The Justice Department charges allege that Nacchio sold $101 million in Qwest stock in early 2001 while he knew the company's finances were faltering.

Nacchio's attorneys have argued that Nacchio had a rosy outlook for Qwest in early 2001 because he knew the company was in line to receive large government contracts.

Separately, the Securities and Exchange Commission has sued Nacchio and several other former Qwest executives, charging that they fraudulently boosted revenues by $3 billion from 1999 to 2002.  Qwest later restated much of that revenue.

Nacchio has also been named in several shareholder lawsuits.

Toevs wouldn't disclose how much the company's insurance may be covering in legal expenses for Nacchio.

Amount of coverage varies

Insurance broker Bruce R. Swicker said companies can carry two types of so-called directors and officers insurance to help defend the company and its key officials against lawsuits -- one to cover the company and the other to cover the individual officer or director.  The coverage is also used to pay settlements.

Toevs said Qwest has D&O coverage.  Nacchio's severance agreement indicates that the company has separate coverage for him.

A provision in the agreement says that "the company shall continue to make the indemnification/insurance payments" as defined in his initial employment contract.

Nacchio joined Qwest in early 1997 and left in mid-2002.

How much Qwest ends up paying for legal fees depends on the insurance coverage limits they purchased, Swicker said.  The insurance coverage is rescinded, however, if an officer or director is found guilty of a crime that harms the company.

Enron reportedly only carried limits of up to $365 million for the entire corporation.

Qwest paid $250 million in 2004 to settle an SEC suit alleging accounting fraud.  It later paid $400 million to settle a shareholder class-action suit.

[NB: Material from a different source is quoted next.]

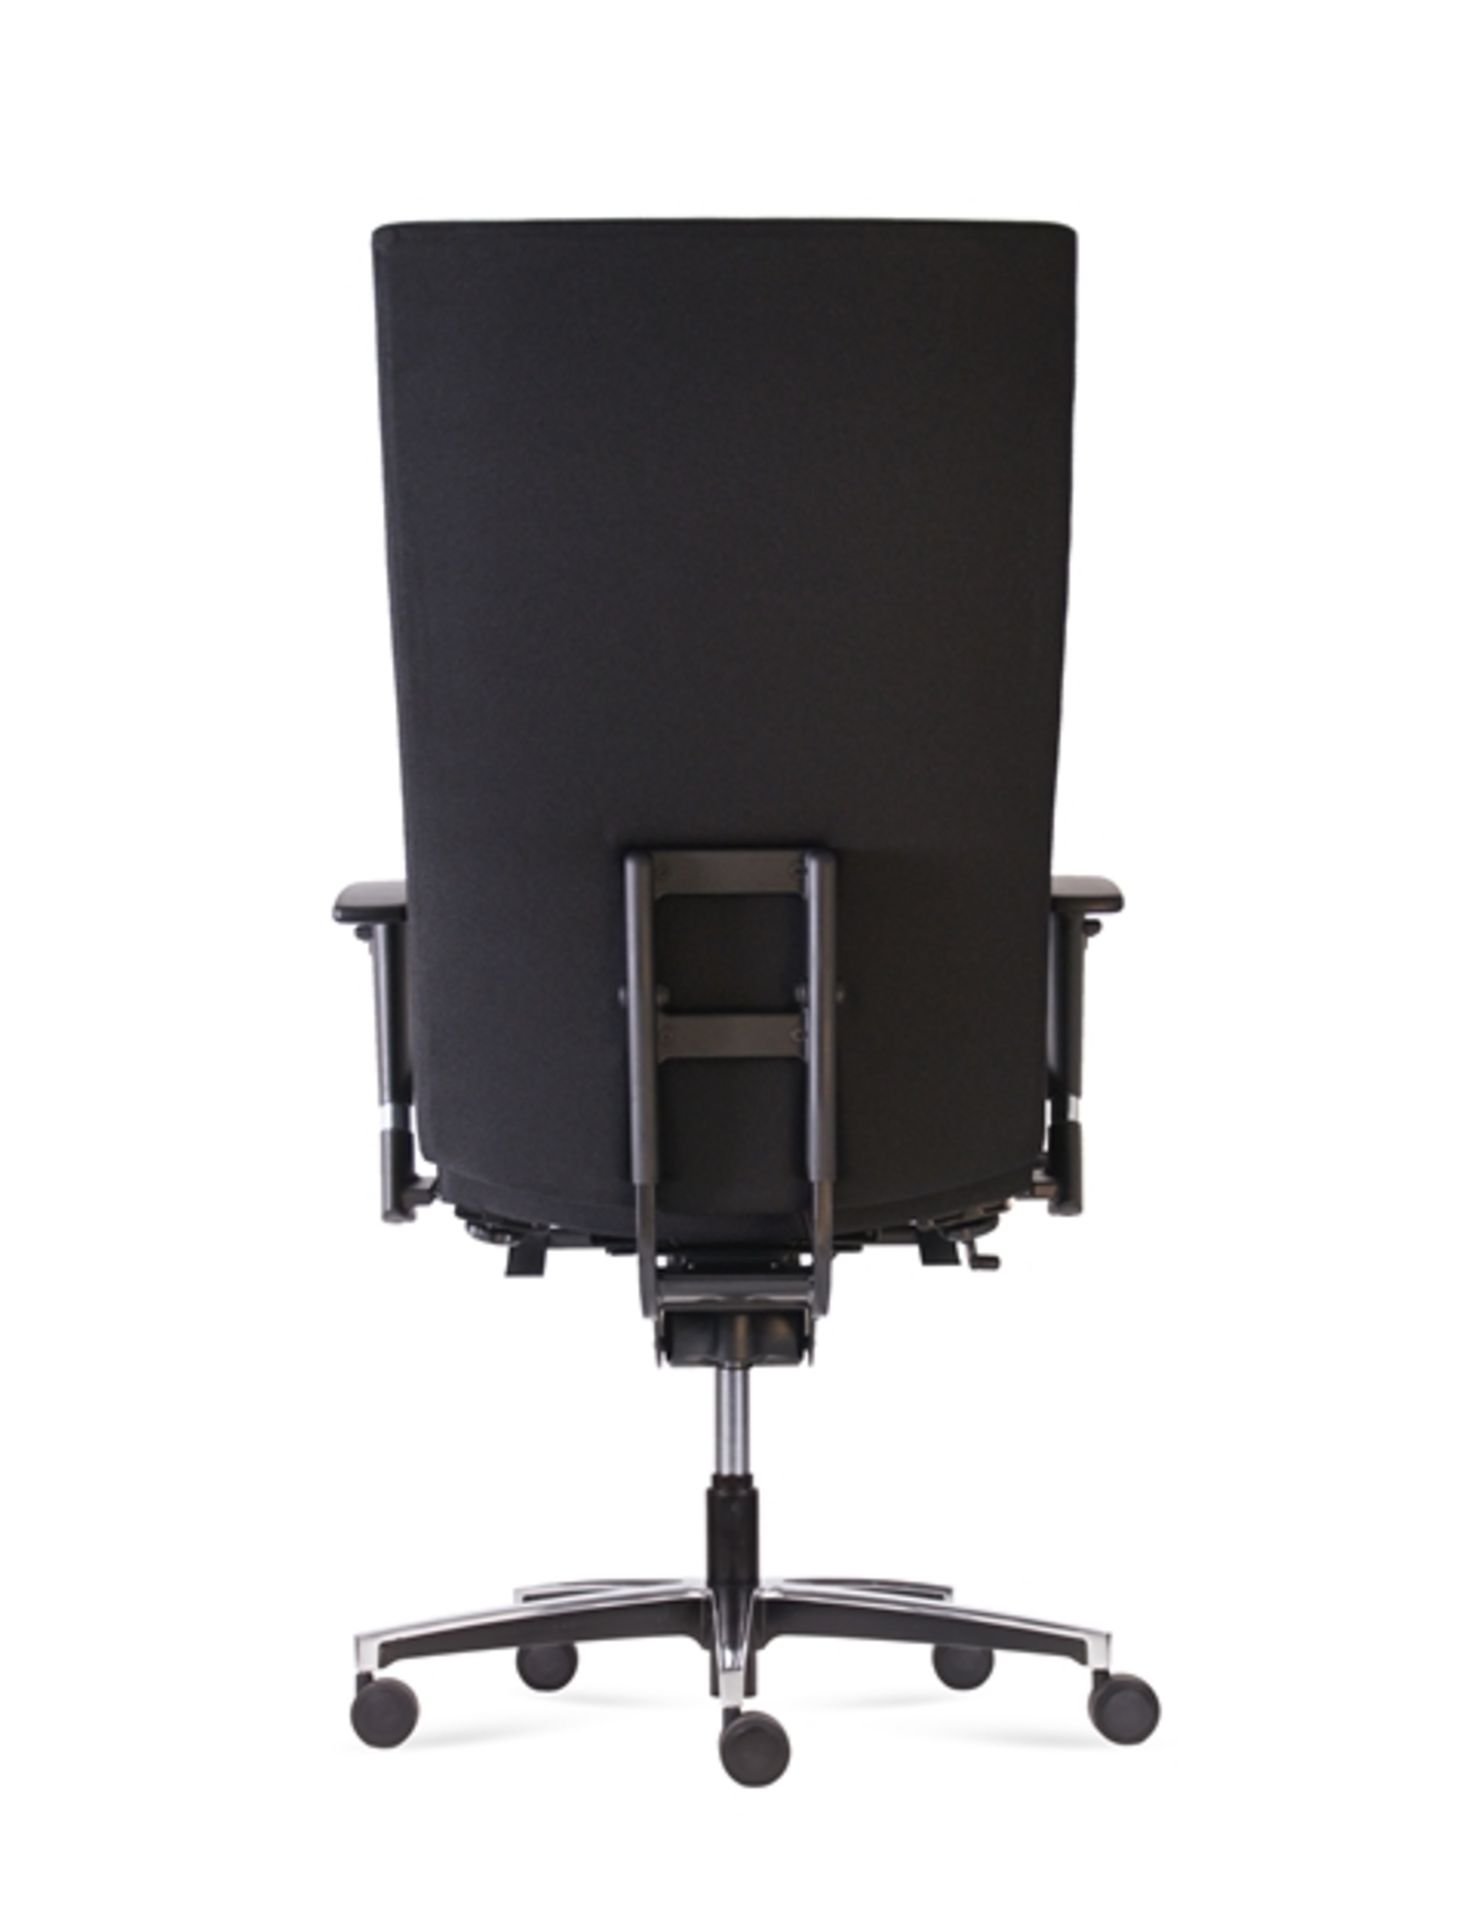 Unused ergonomic office chair in black (RRP £299) located in Stafford, viewing by appointment only - Image 6 of 6

D&O insurance may have covered portions of those settlements, but Qwest won't say.

Swicker said the wave of corporate scandals in the late 1990s and early 2000 forced some insurance companies to stop offering D&O coverage.

"When all this first broke, there was a definite hardening of the market, as carriers either withdrew or they lowered the limits they were willing to offer," Swicker said.

He said new corporate governance laws such as Sarbanes-Oxley have helped the market recover.